- _Activity_: Return the material exactly, first line through the line containing "In-Fisherman New Generation", and nothing more. Pictures stay out.

- _Given material_:

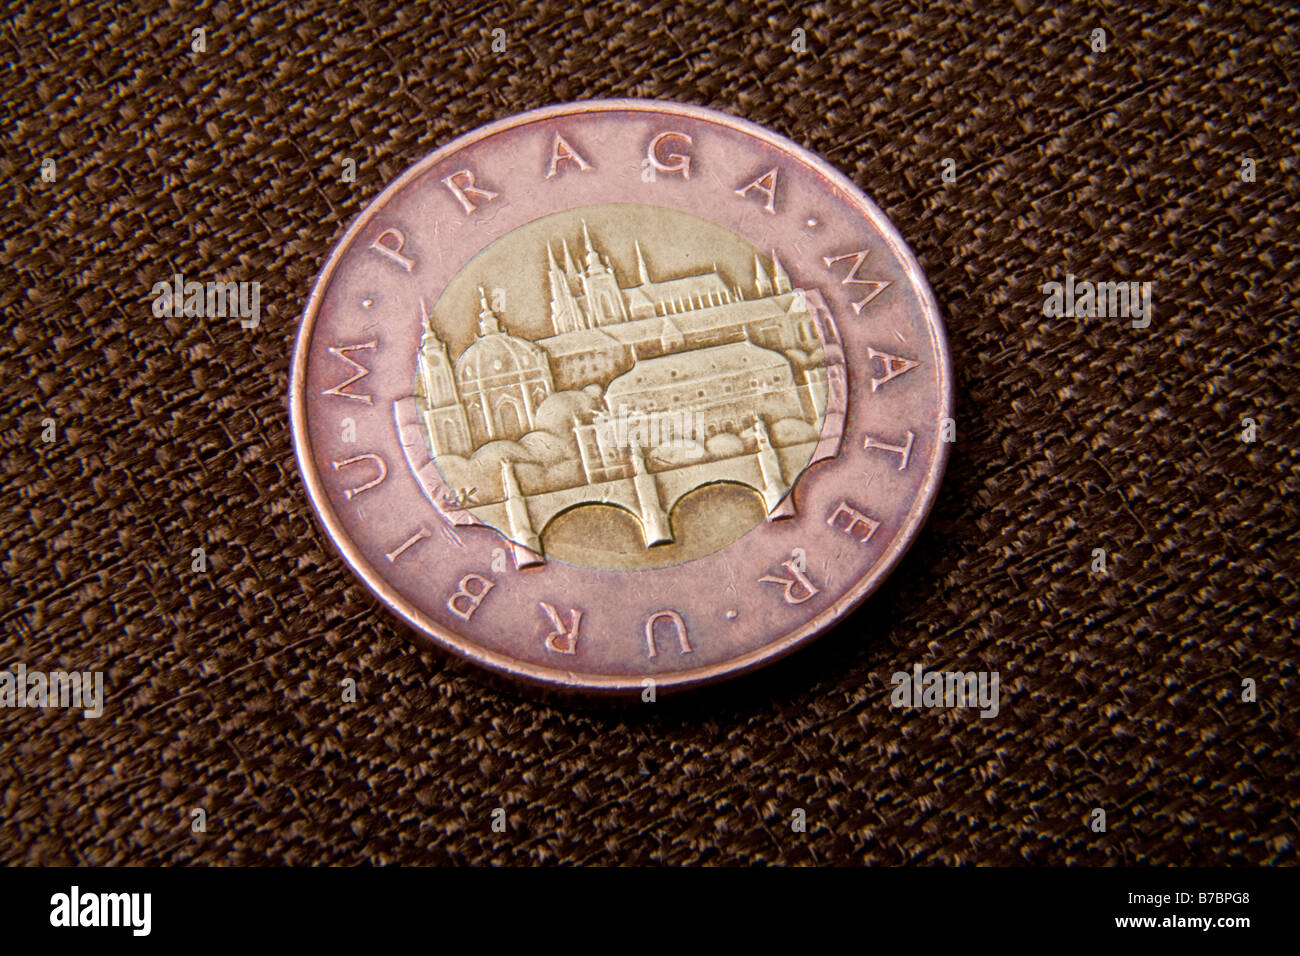 Reverse side of Czech 50 Koruna coin features Prague Castle and Charles Bridge  economy bank money cash Stock Photo
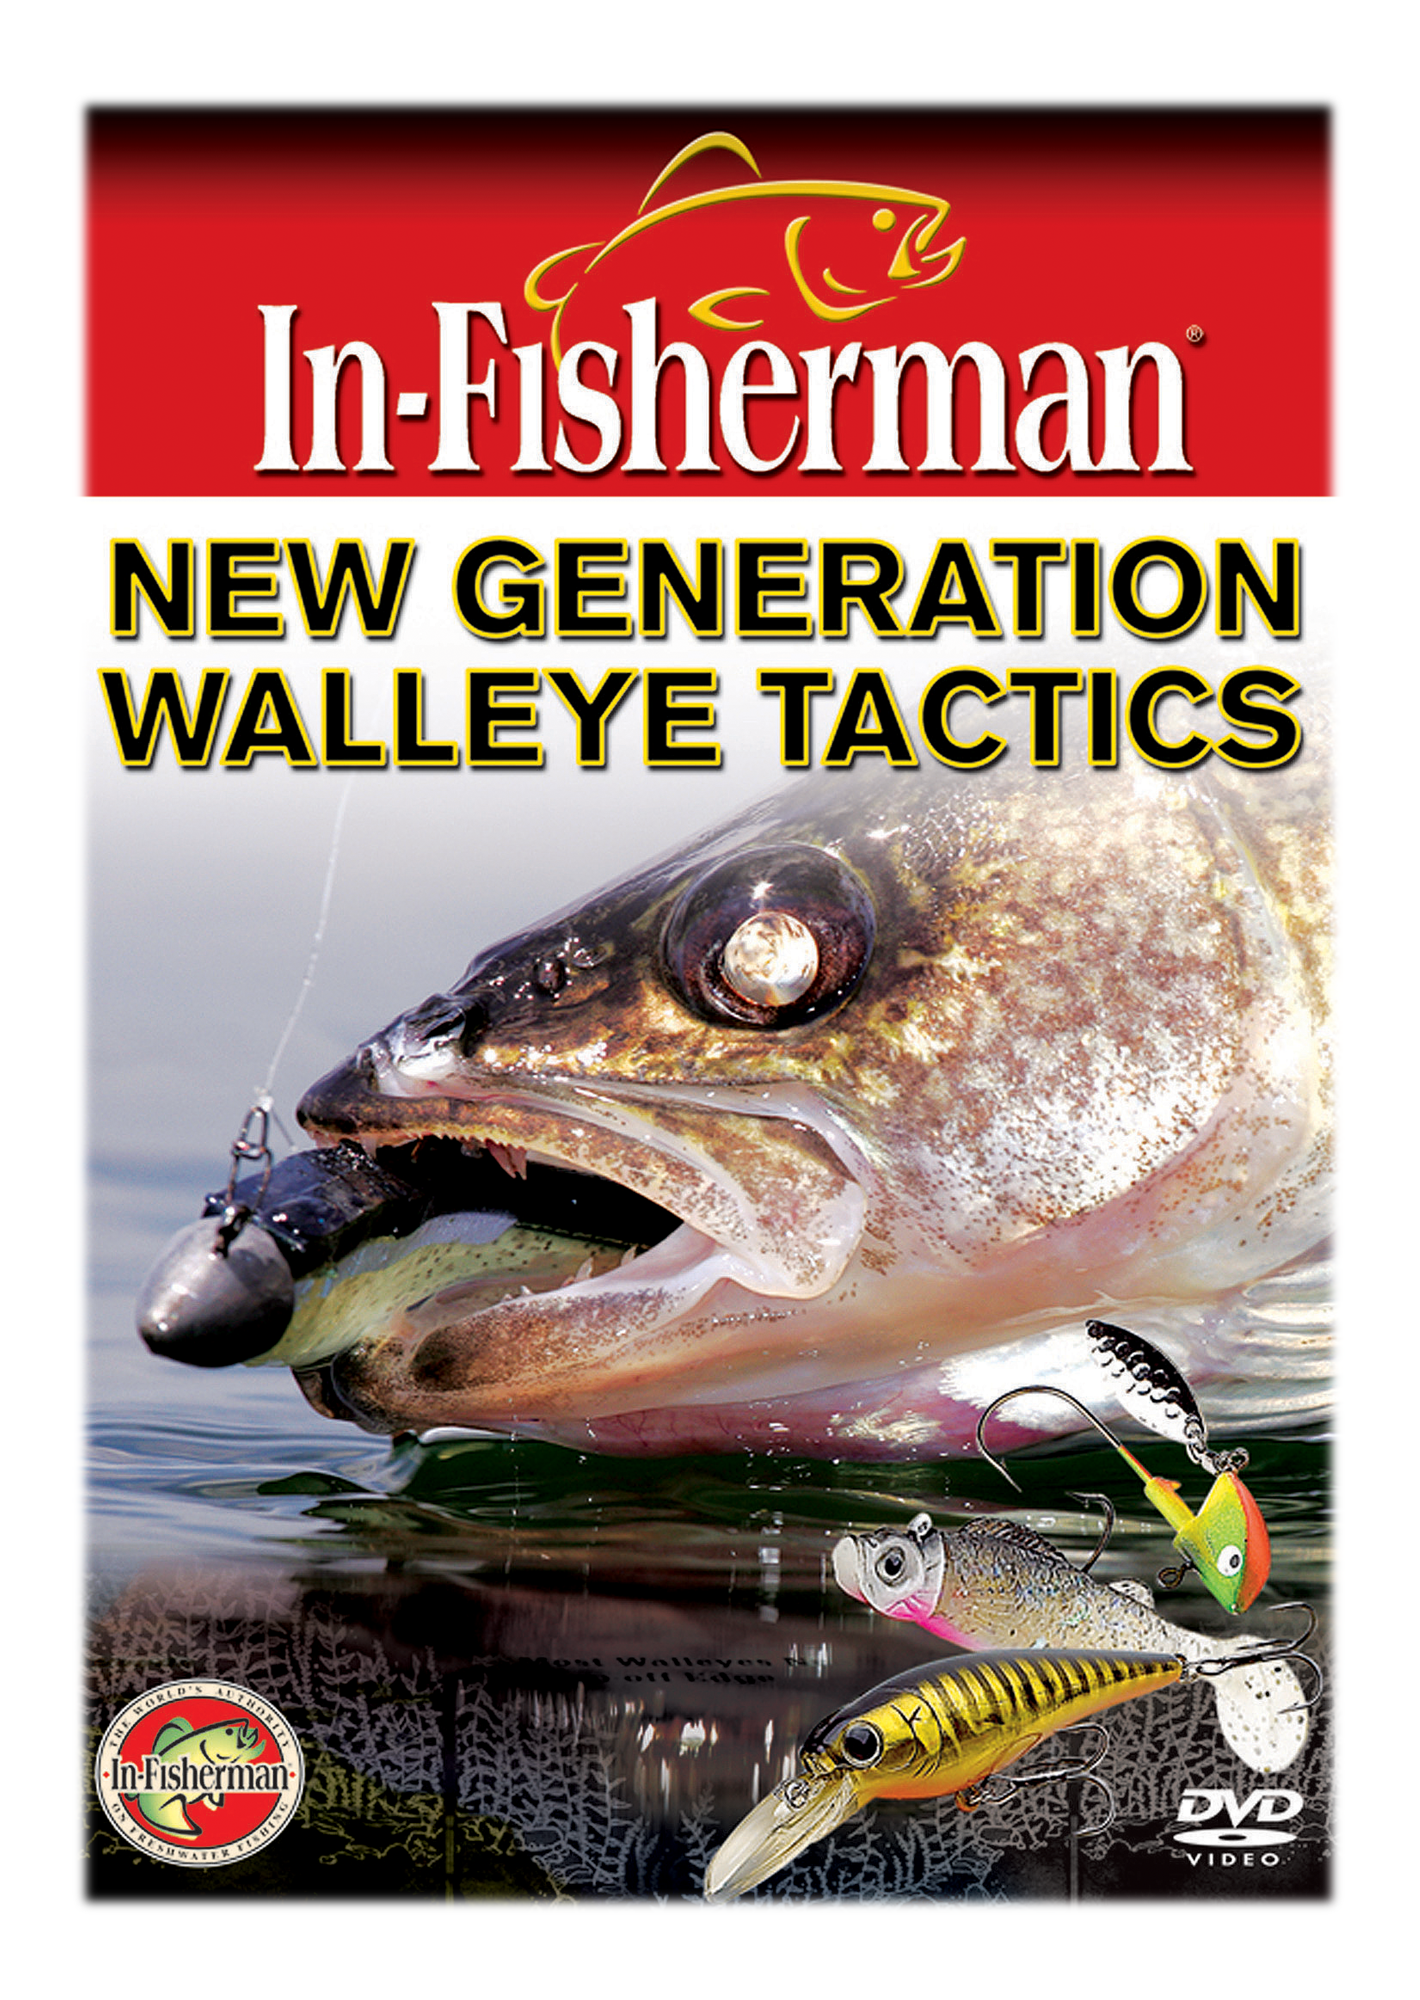 In-Fisherman New Generation Walleye Tactics Video - DVD
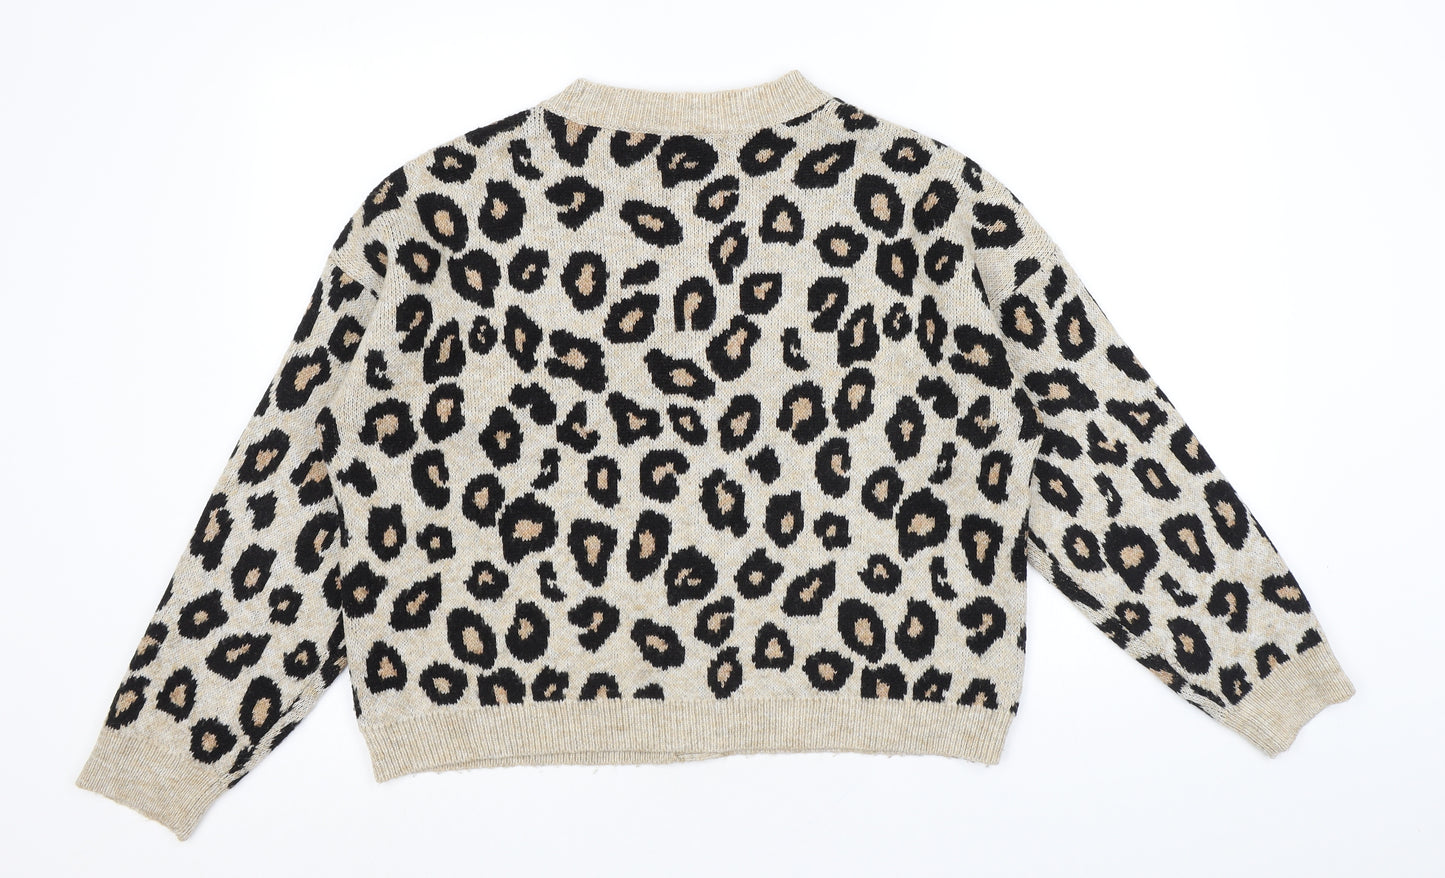 New Look Womens Brown V-Neck Animal Print Acrylic Cardigan Jumper Size M - Leopard pattern

- _Answer section_:
 Reverse side of Czech 50 Koruna coin features Prague Castle and Charles Bridge  economy bank money cash Stock Photo
 In-Fisherman New Generation Walleye Tactics Video - DVD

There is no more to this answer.